**Exercise data**
* * * *
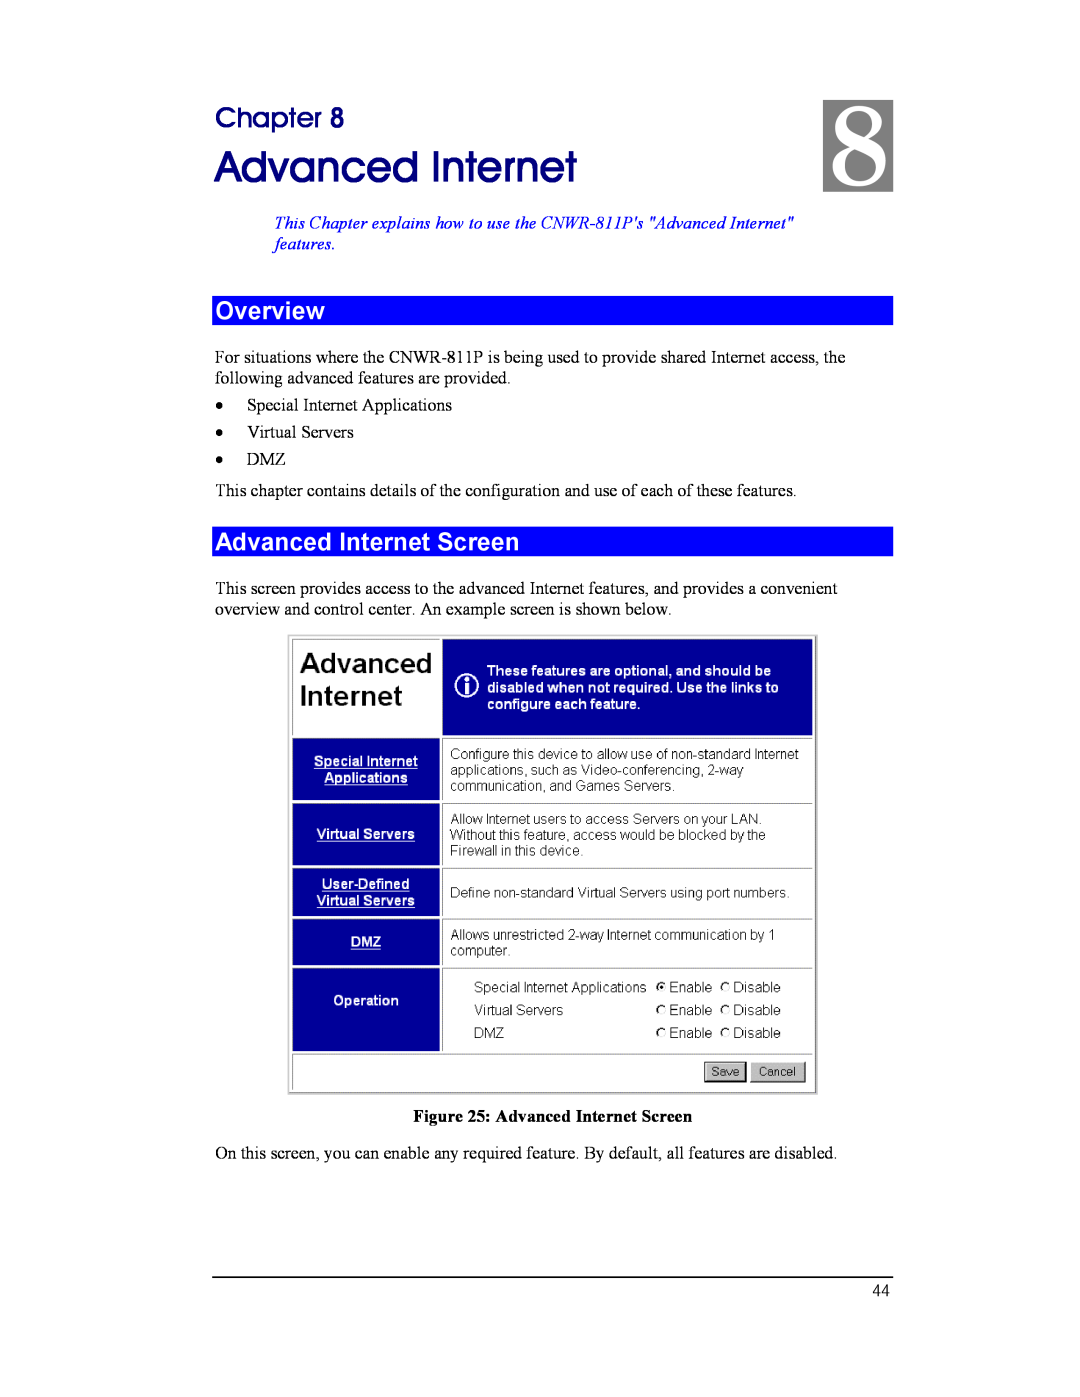 CNET CNWR-811P manual Advanced Internet Screen, Chapter, Overview 
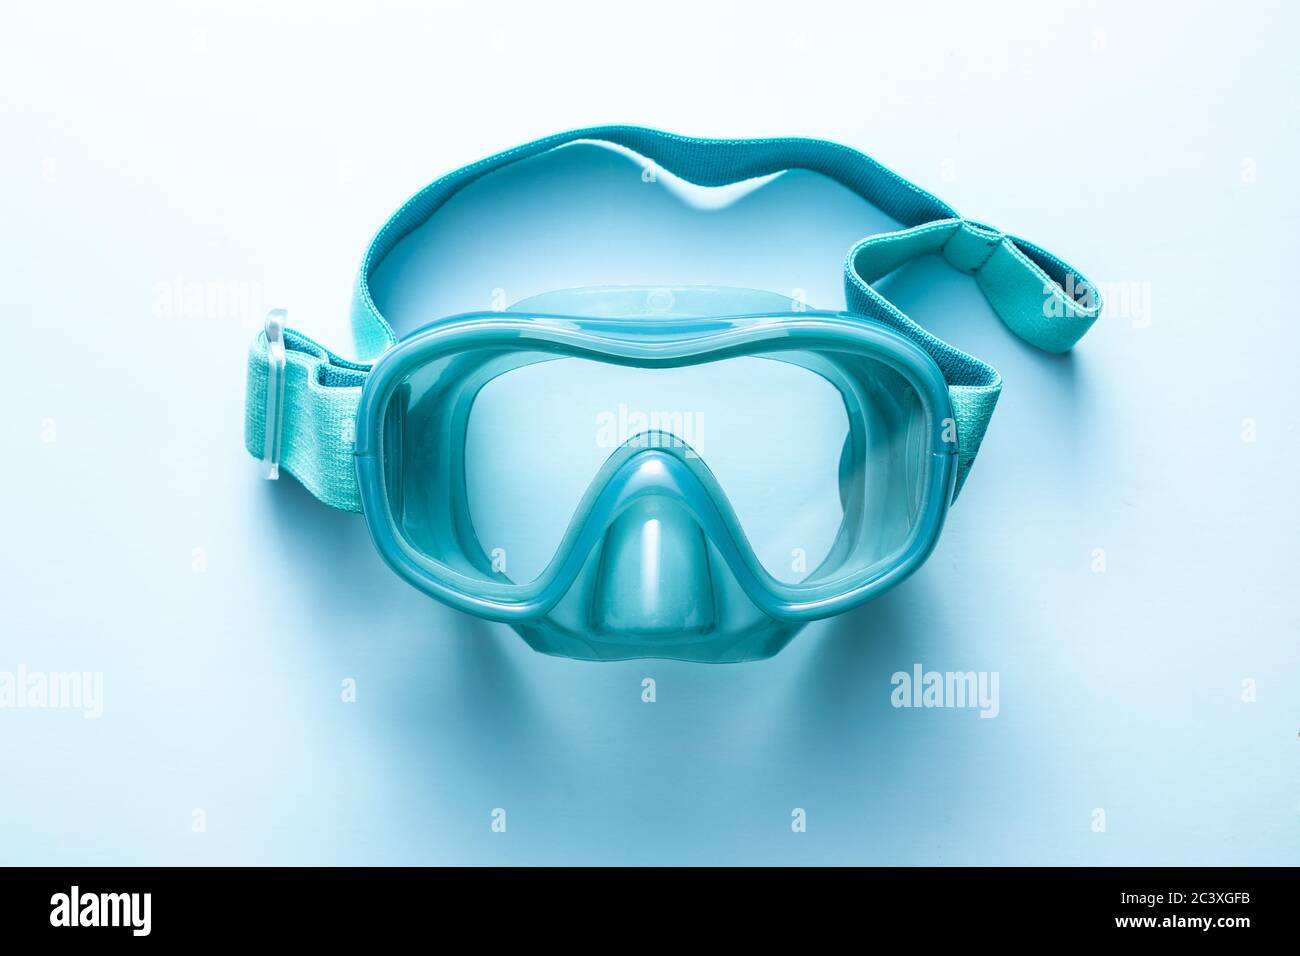 Blue diving mask on blue background. Top view. Stock Photo
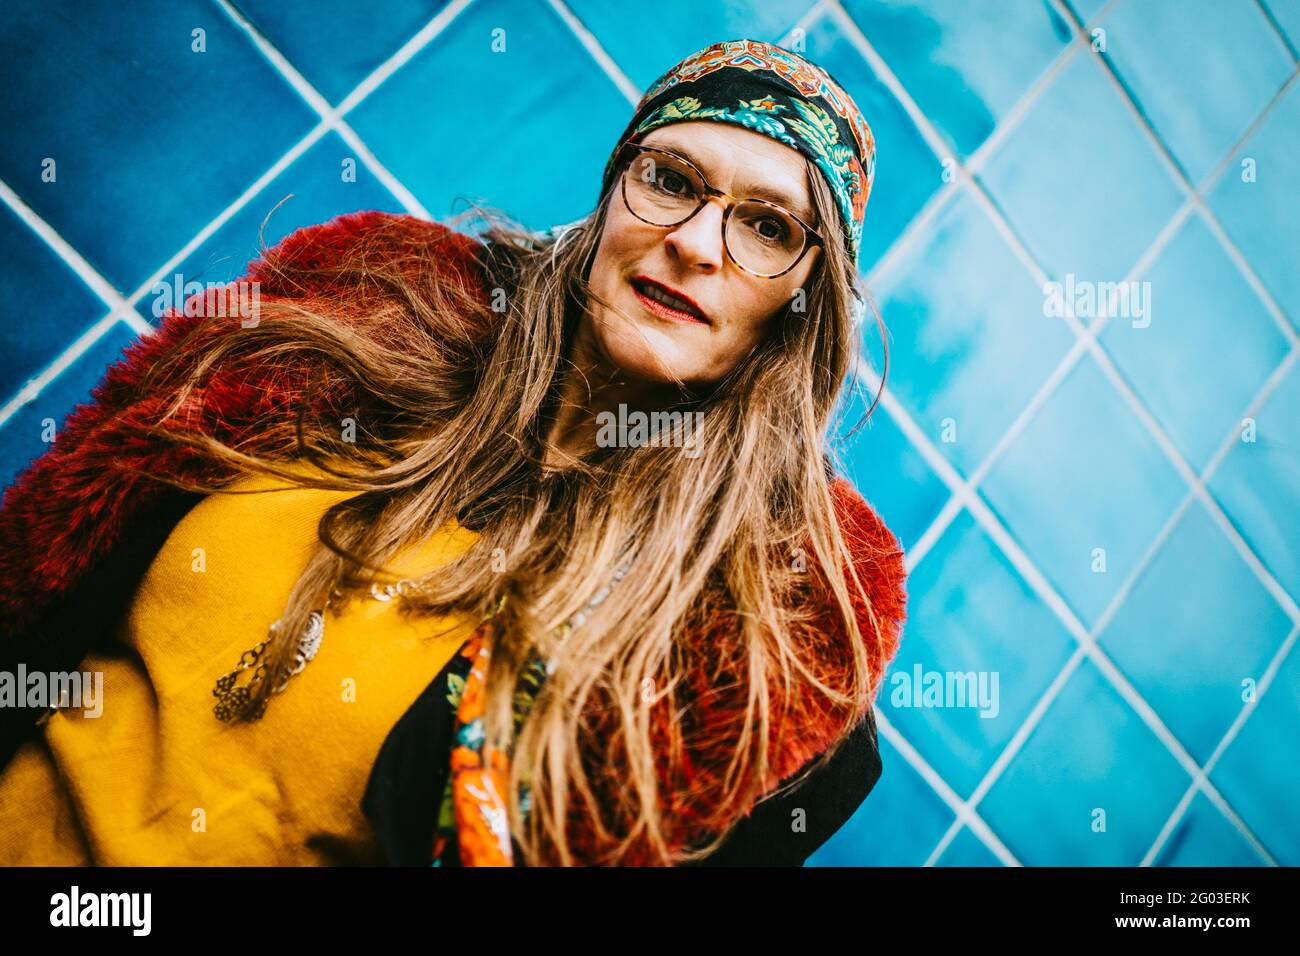 Portrait of mature woman wearing headscarf against blue tiled wall Stock Photo
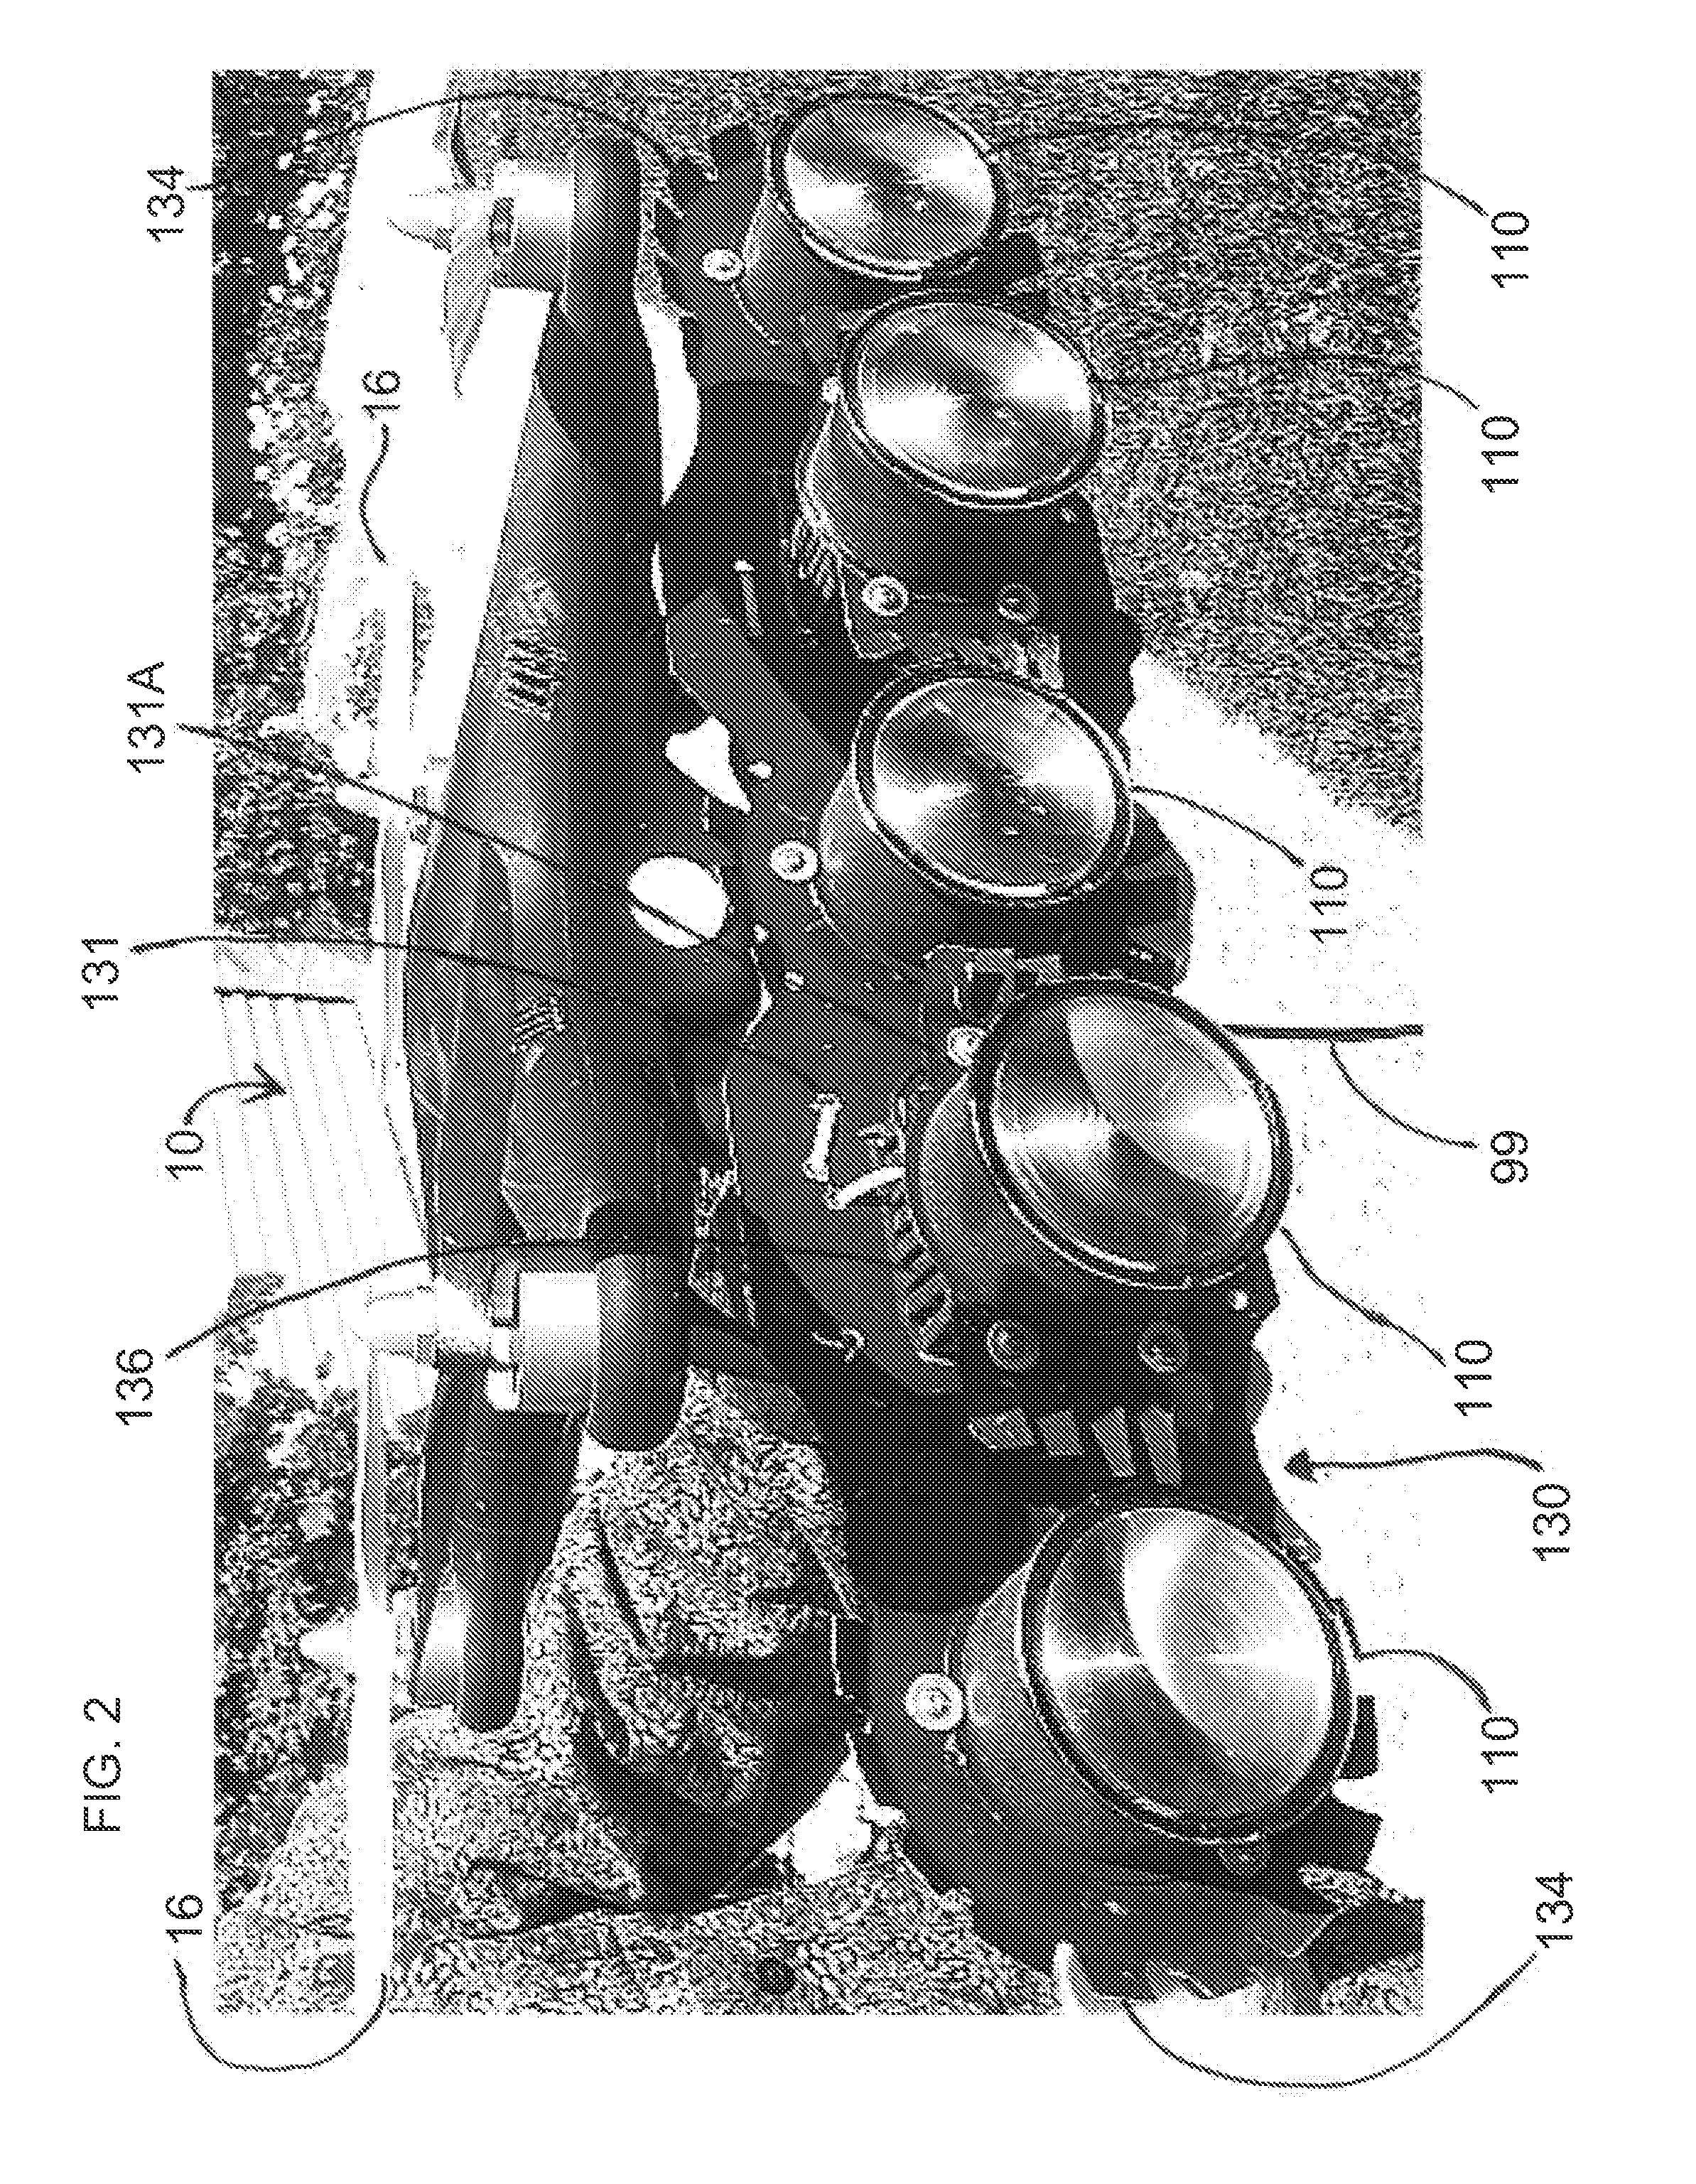 Unmanned Aerial Vehicle With Lighting and Cooling Therefor
* * * *
**What needs to be done**
Copy out all the data above exactly, minus the images.

**Exercise result**
 CNET CNWR-811P manual Advanced Internet Screen, Chapter, Overview 
 Blue diving mask on blue background. Top view. Stock Photo
 Portrait of mature woman wearing headscarf against blue tiled wall Stock Photo
 Unmanned Aerial Vehicle With Lighting and Cooling Therefor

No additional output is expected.